Well...I can honestly begin by saying that I have no idea how this blog will turn out or what will be discussed...but I'll began by saying that I'm grateful for my life......my life has been waaay too...(searching for word)........(couldn't find one.) I've been thru a lot...(understatement). God had a plan for my life, but guess who else did??

Yep. Satan did.
Full blown out scheduled plan. Severely detailed. Most of it was obviously unveiled to me, (because I play'd right into it)...but what about the dangers, threats, & traps I couldn't see??....wow.
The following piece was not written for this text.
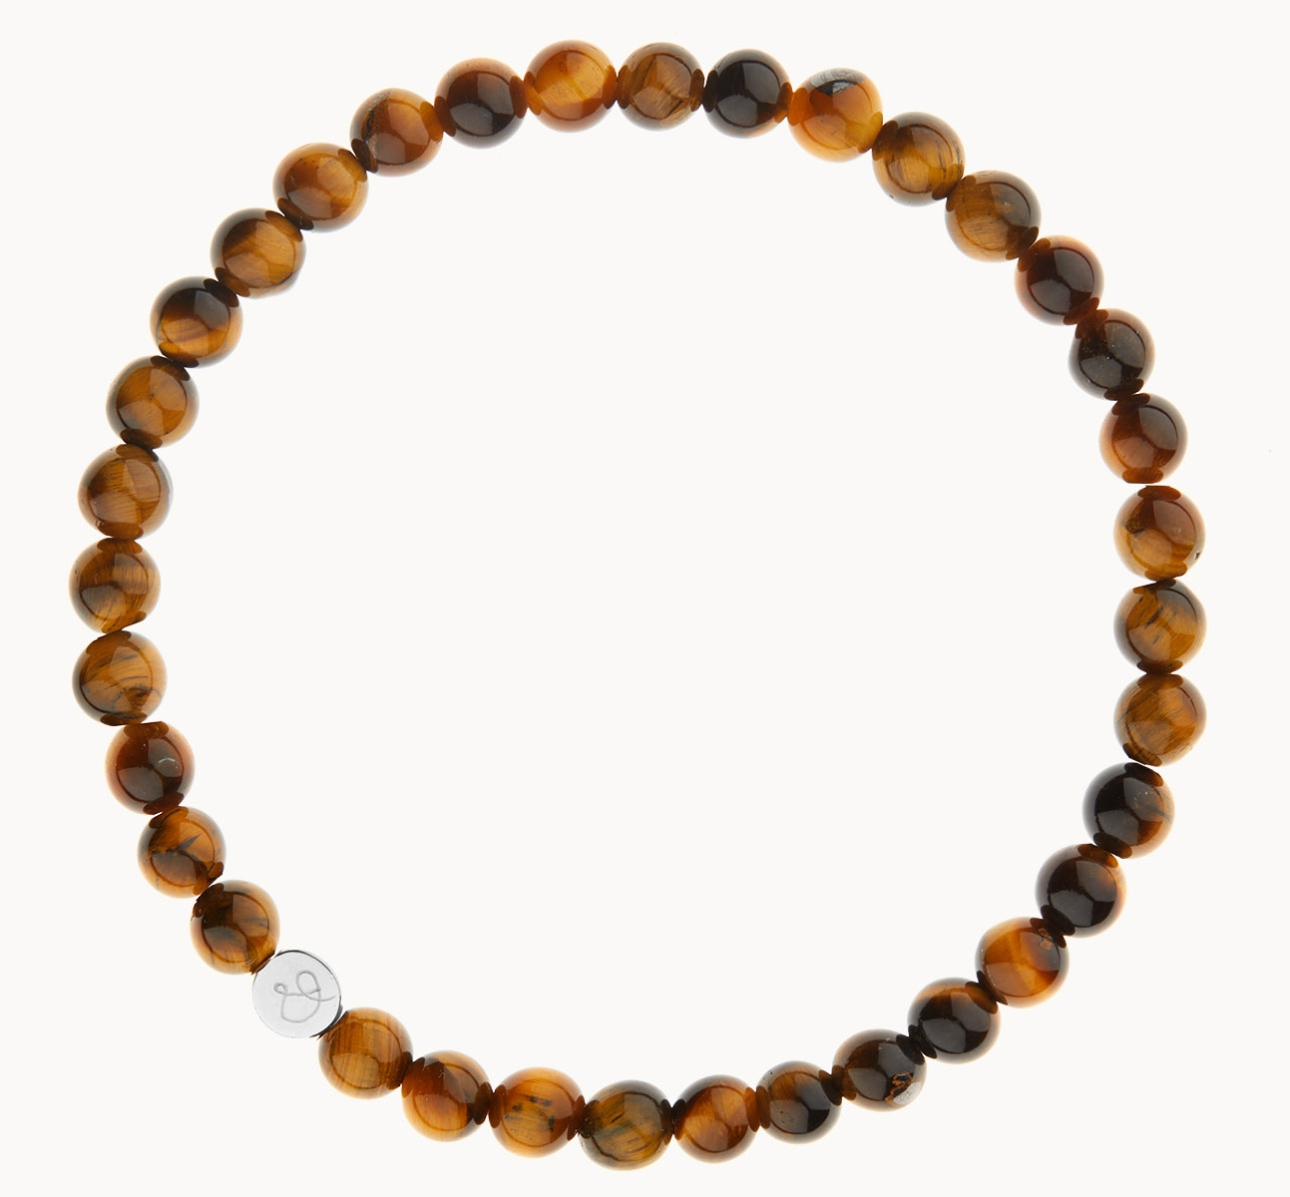 A men's personalised bracelet with semi-precious beads from Merci Maman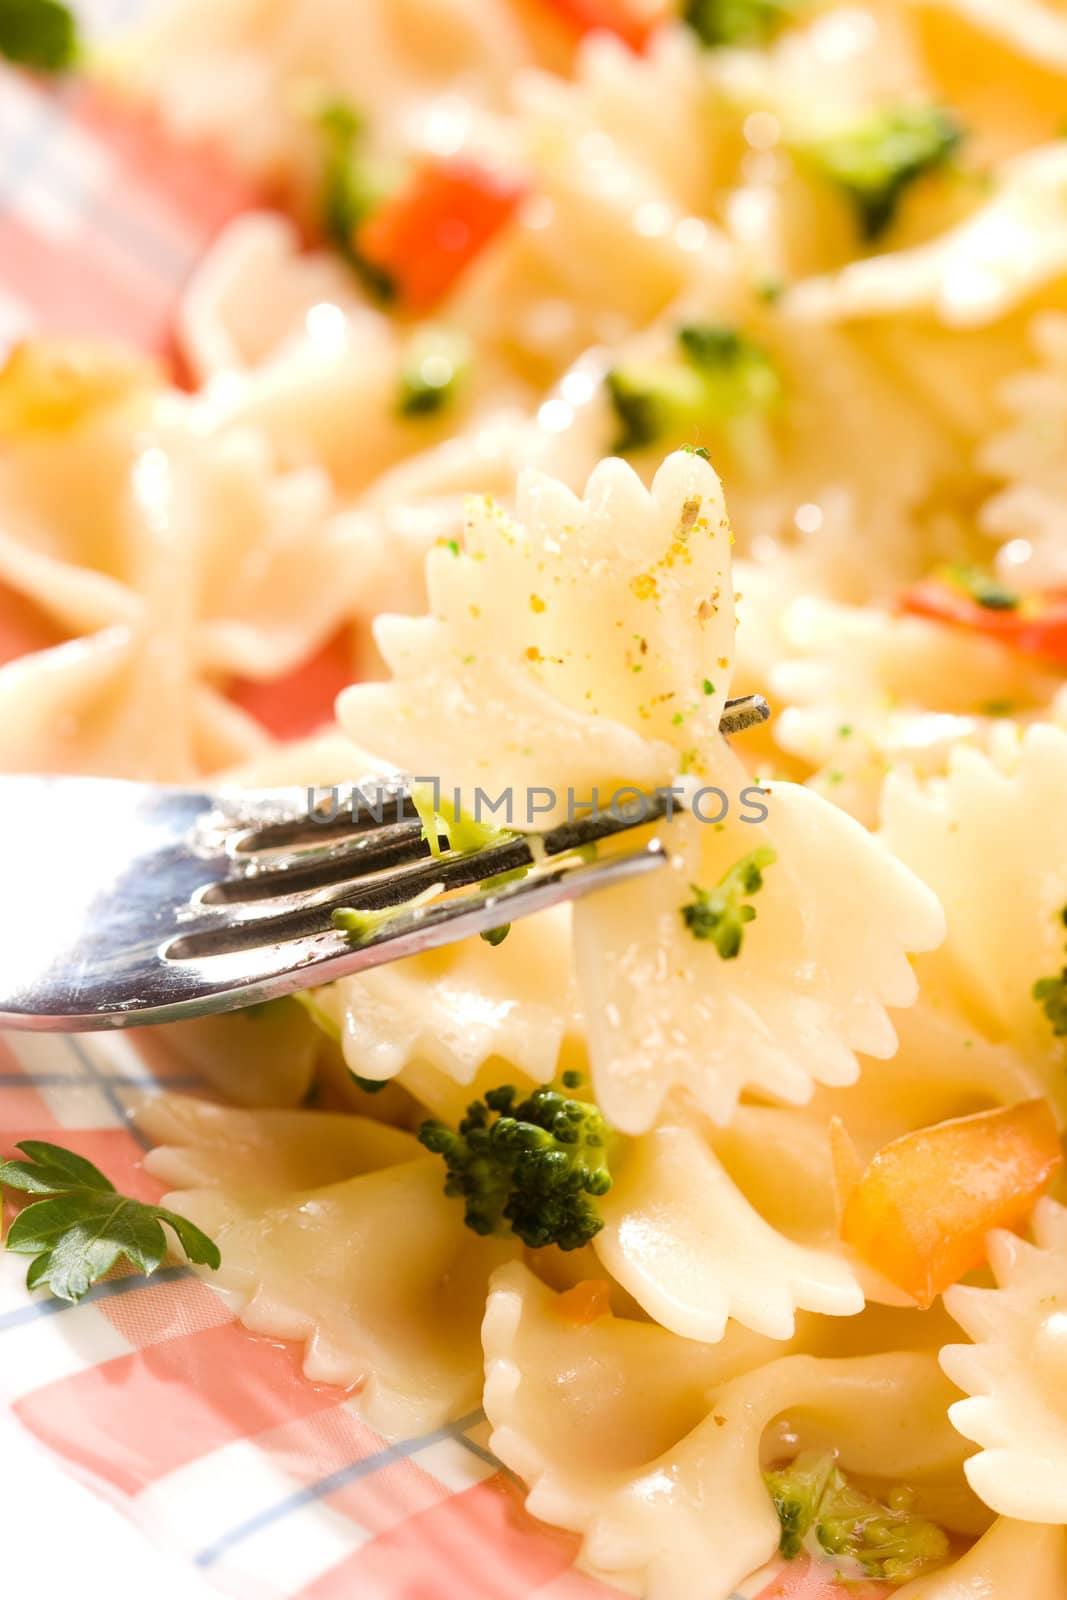 Macro picture of appetizing pasta with vegetables

What about the times I was severely tormented and couldn't even speak? or think clearly? or the times I was drunk and high...out of my mind...out driving?! i STILL don't know how I got home.......I was clearly warned in 1 Peter 1:13 "Be sober, be vigilant; because your adversary the devil is as a roaring lion, seeking whom he might devour."

Didn't listen.

What about the times where I purposely said in my heart that I WILL NOT OBEY aka "Doing Me". How about the relationships that I entered...the ones that required more of me...the ones I left God for. Yes, I've done it. Often. Took a stab at a lot of things...

Yet, I open my eyes day after day. I would love to ask why, but I rather take a minute to realize how important it is to yield my life over to God...it's gotta be a reason He kept me. I rather find the answer to that. Which will answer both questions...

Take a minute to think back...take a minute to look around and acknowledge. Only you know what
COULD'VE possibly taken place & Satan's MANY attempts to demolish you...BUT GOD. #thinkonthat. #goodnite.